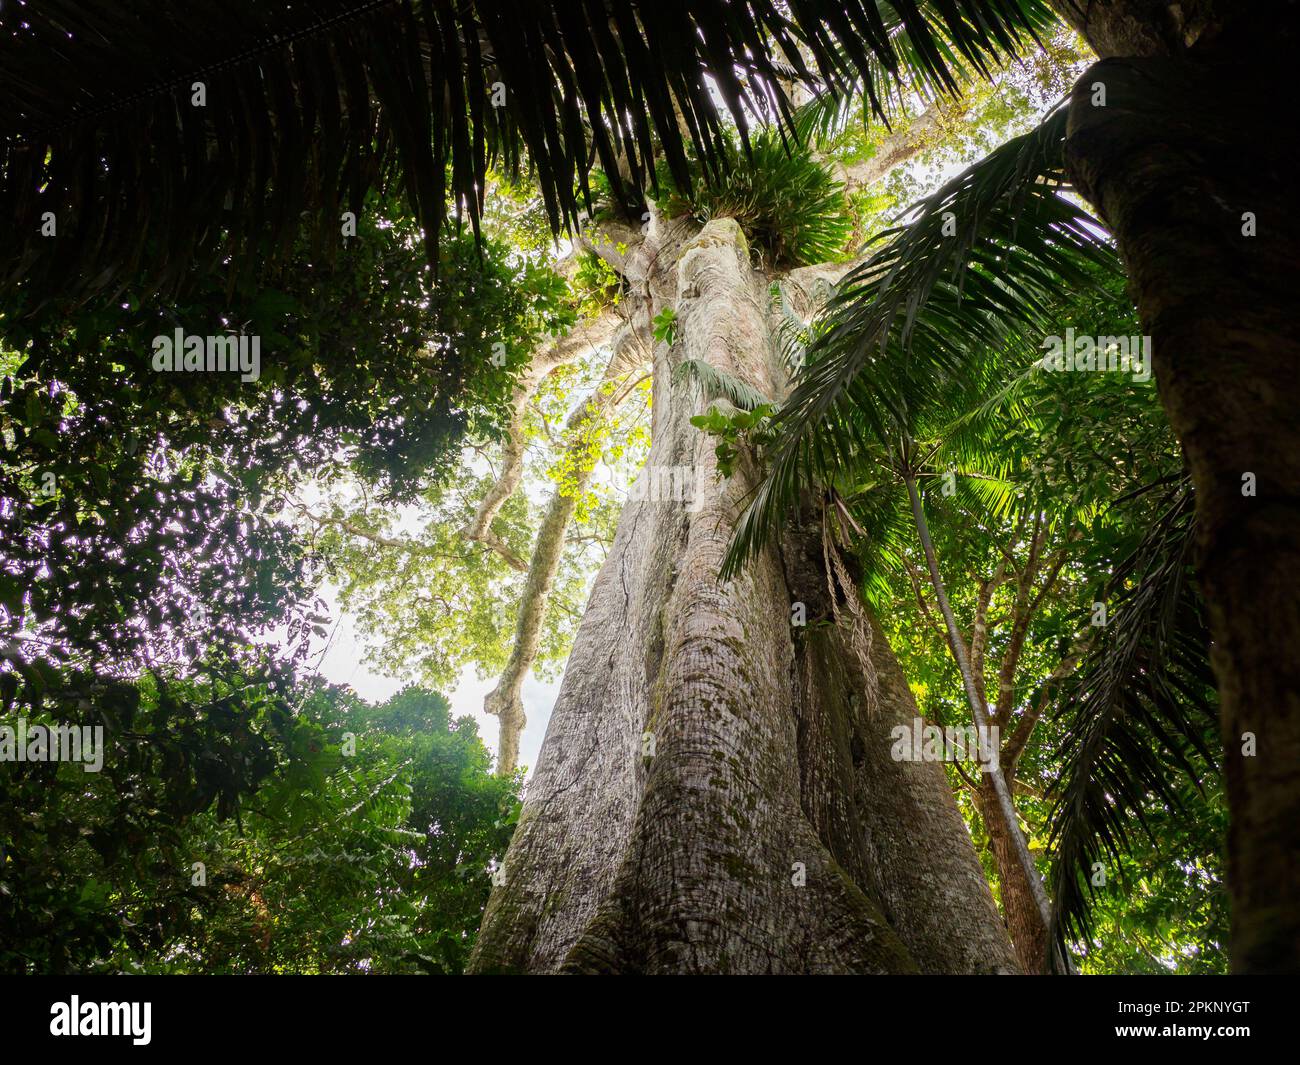 Big ceiba, kapok tree on the bank of the Javari River. Ceiba pentandra. Amazonia, border of Brazilia and Peru, South America Stock Photo
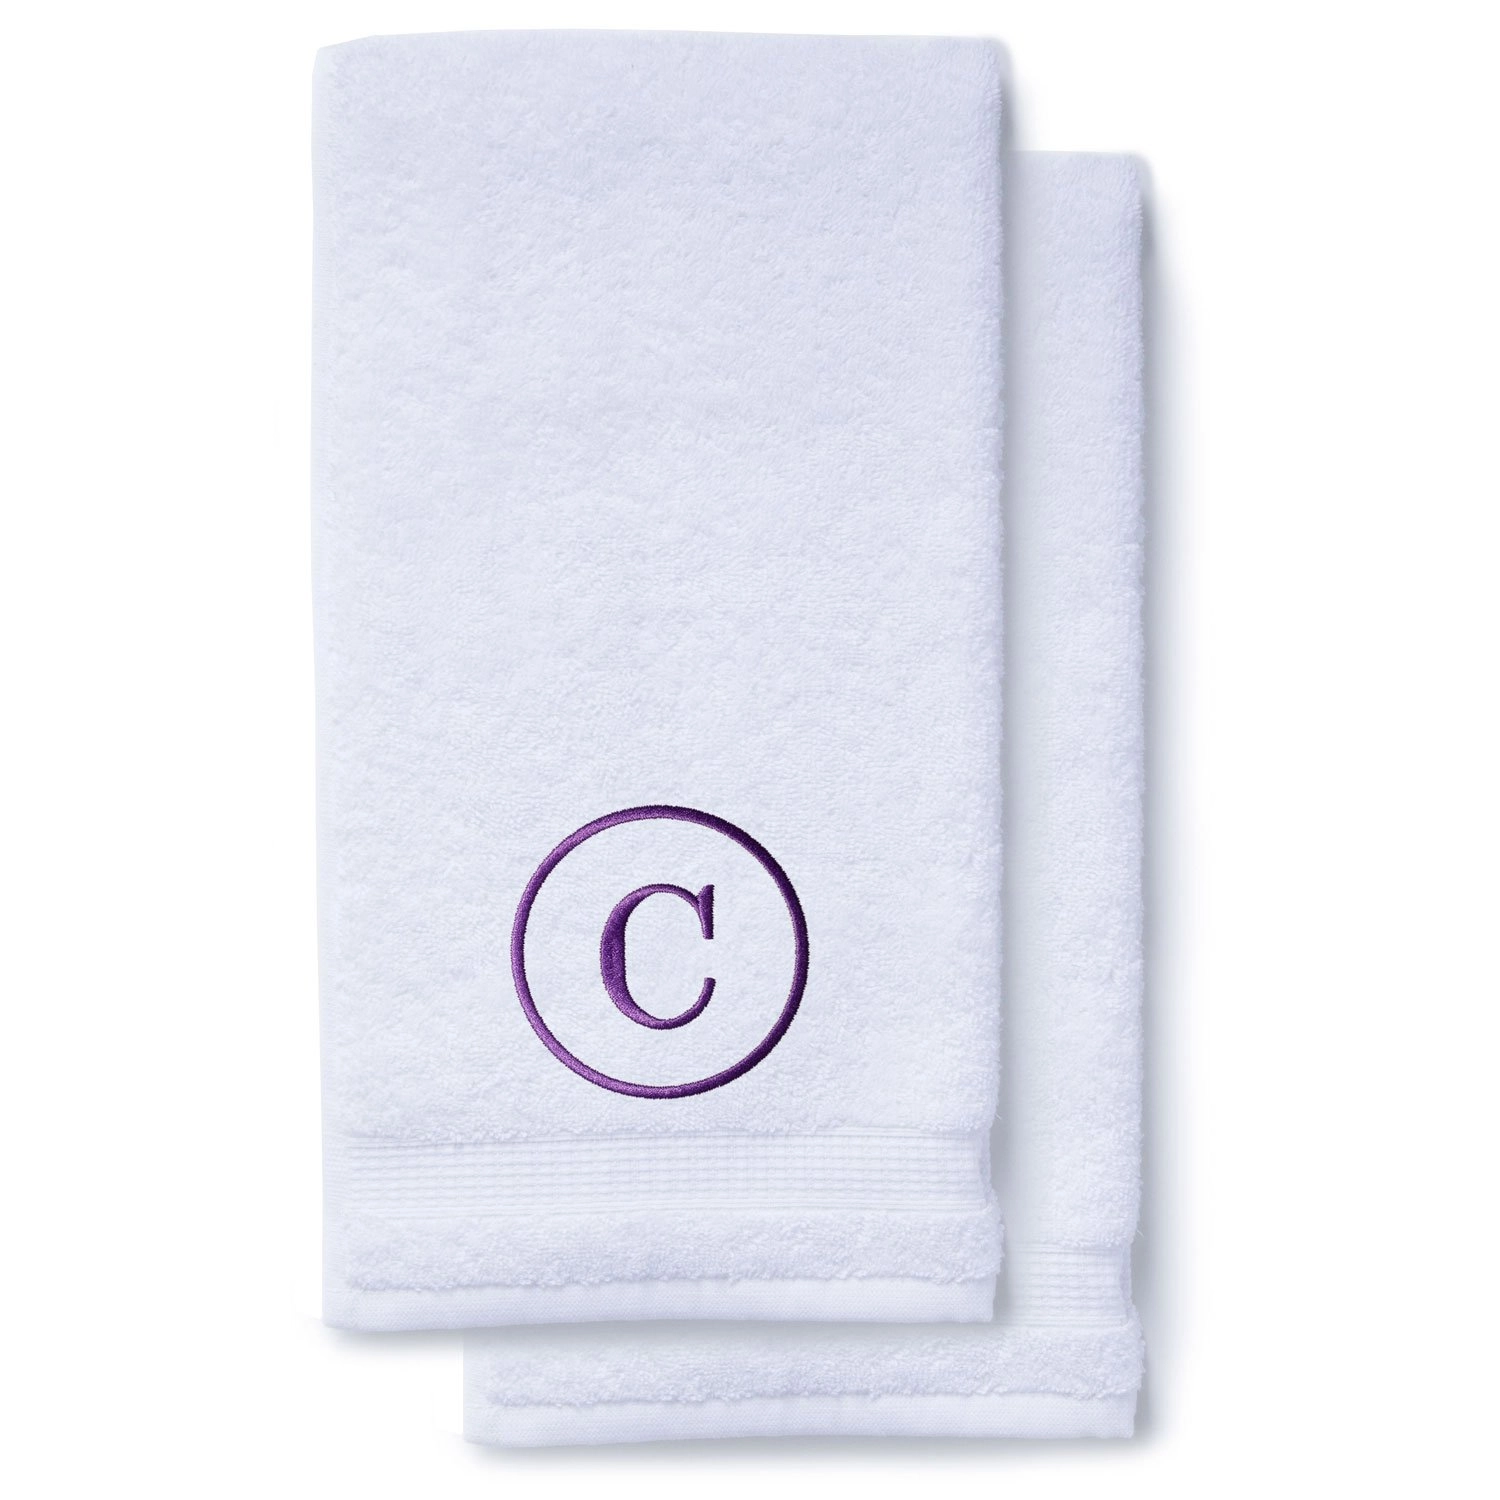 Embroidered Bath Hand Towel, Monogrammed Hand Towel, Beach Bath
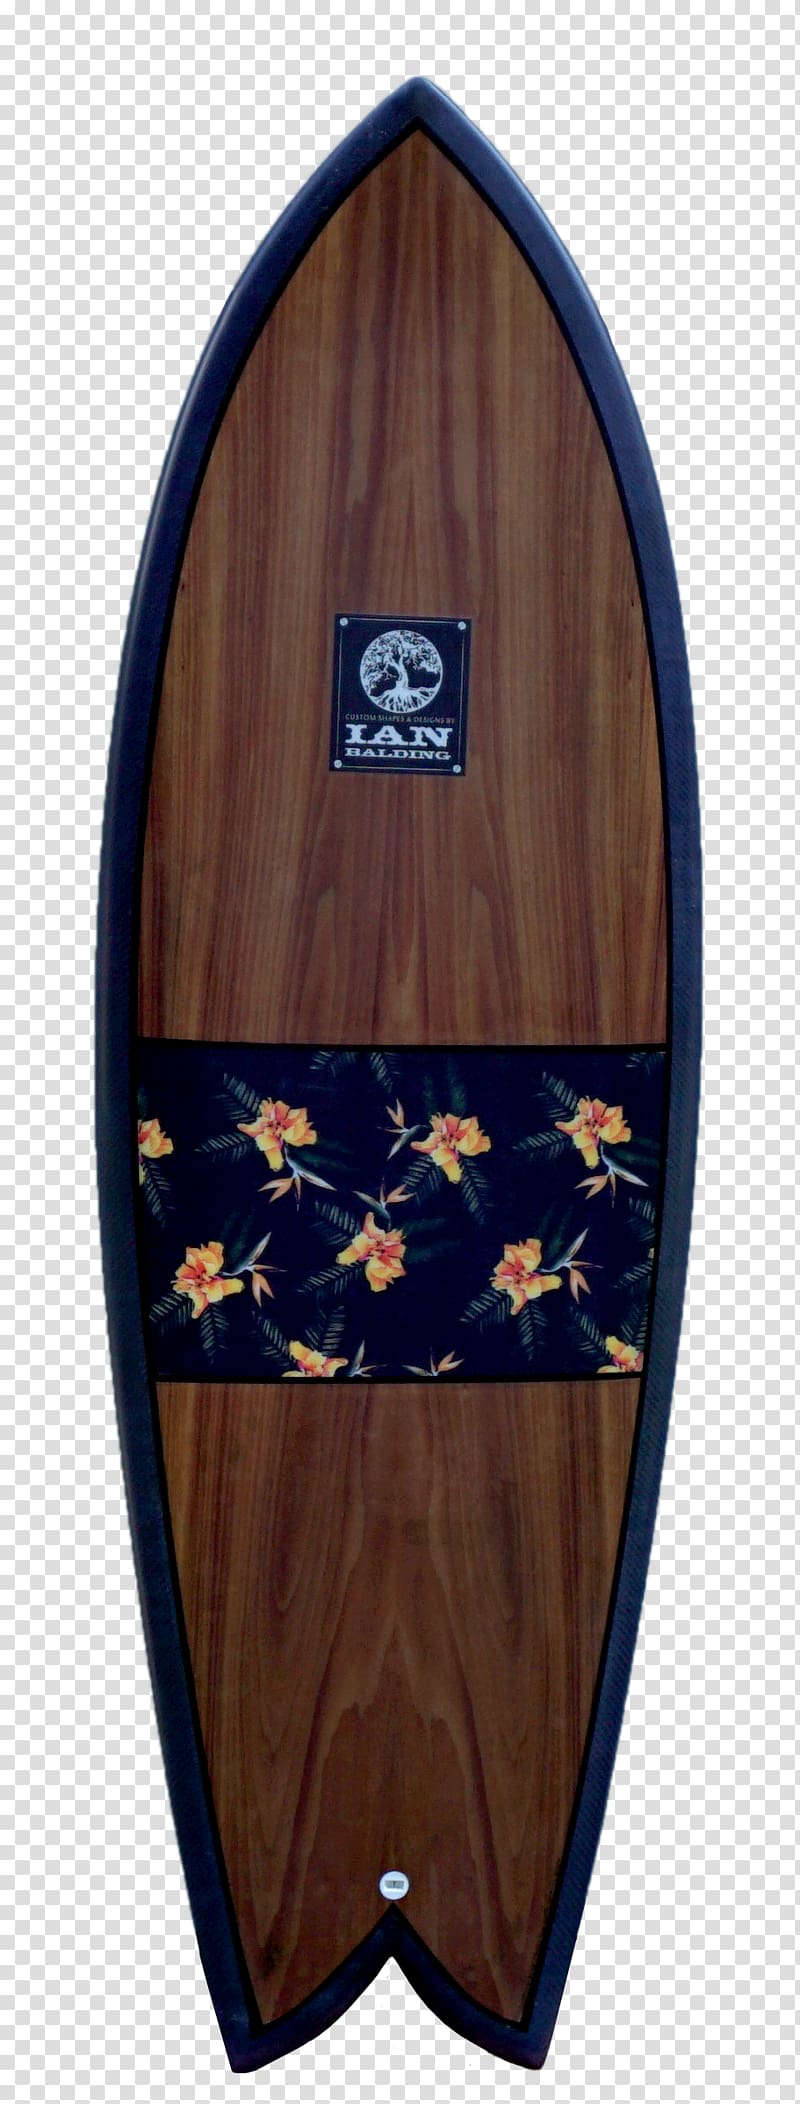 Surfboard Fins Longboard Shortboard Standup paddleboarding, surf board transparent background PNG clipart
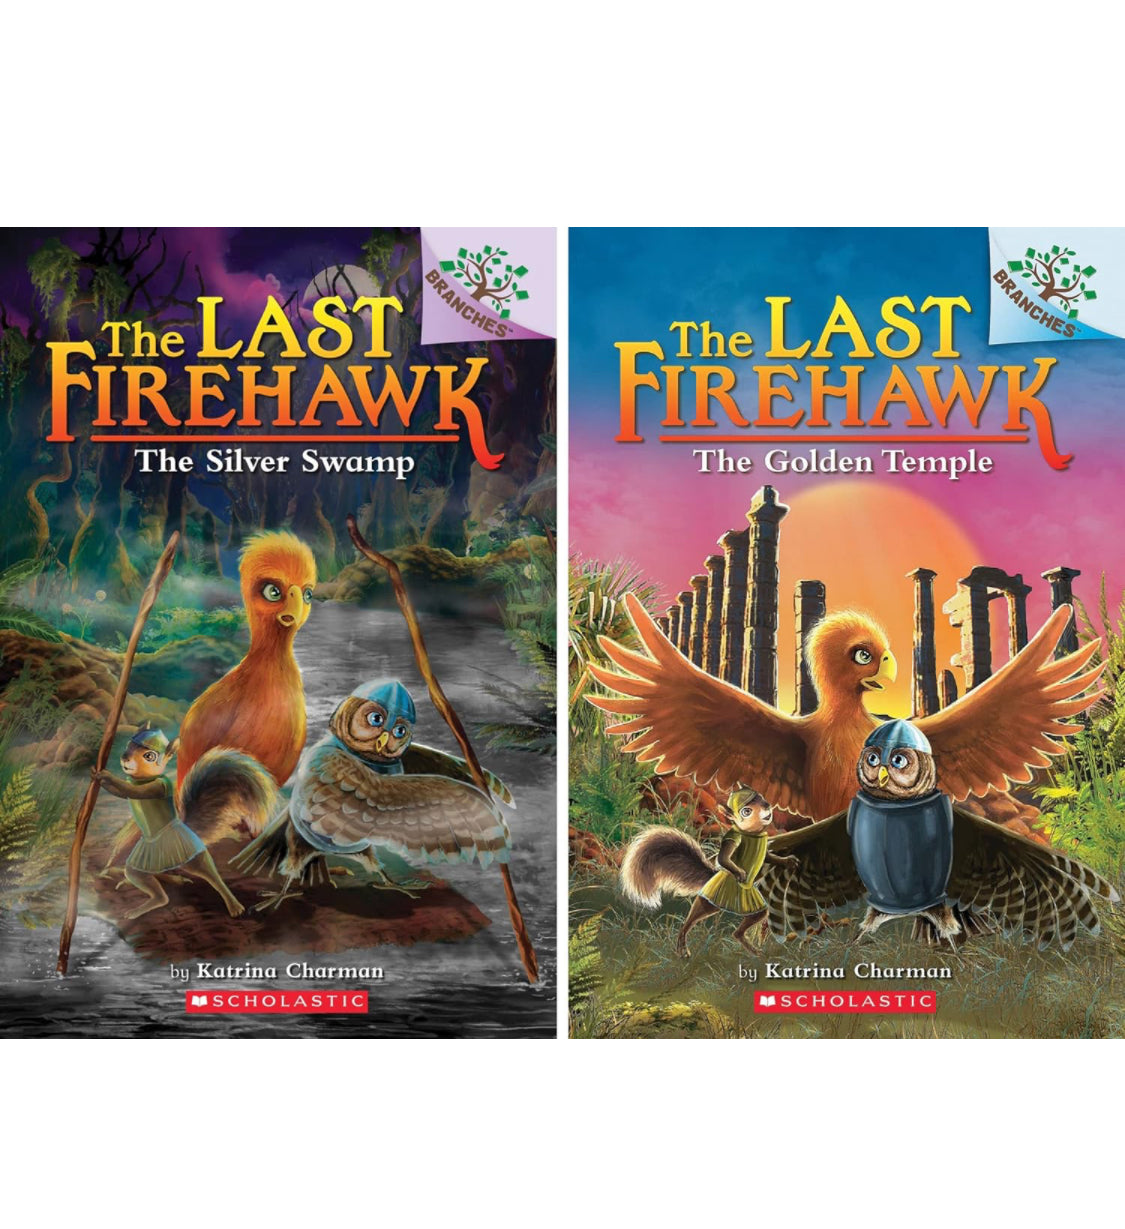 The Last Firehawk Complete Series Set (Books 1-11)
○ ○ ○ ○ ○
- WHAT YOU HAVE TO DO -
Pictures stay out. Return exactly the lines from the one with "Surfboard Fins Longboard" through the last line of the data.

- YOUR RESPONSE -
 Surfboard Fins Longboard Shortboard Standup paddleboarding, surf board transparent background PNG clipart
 The Last Firehawk Complete Series Set (Books 1-11)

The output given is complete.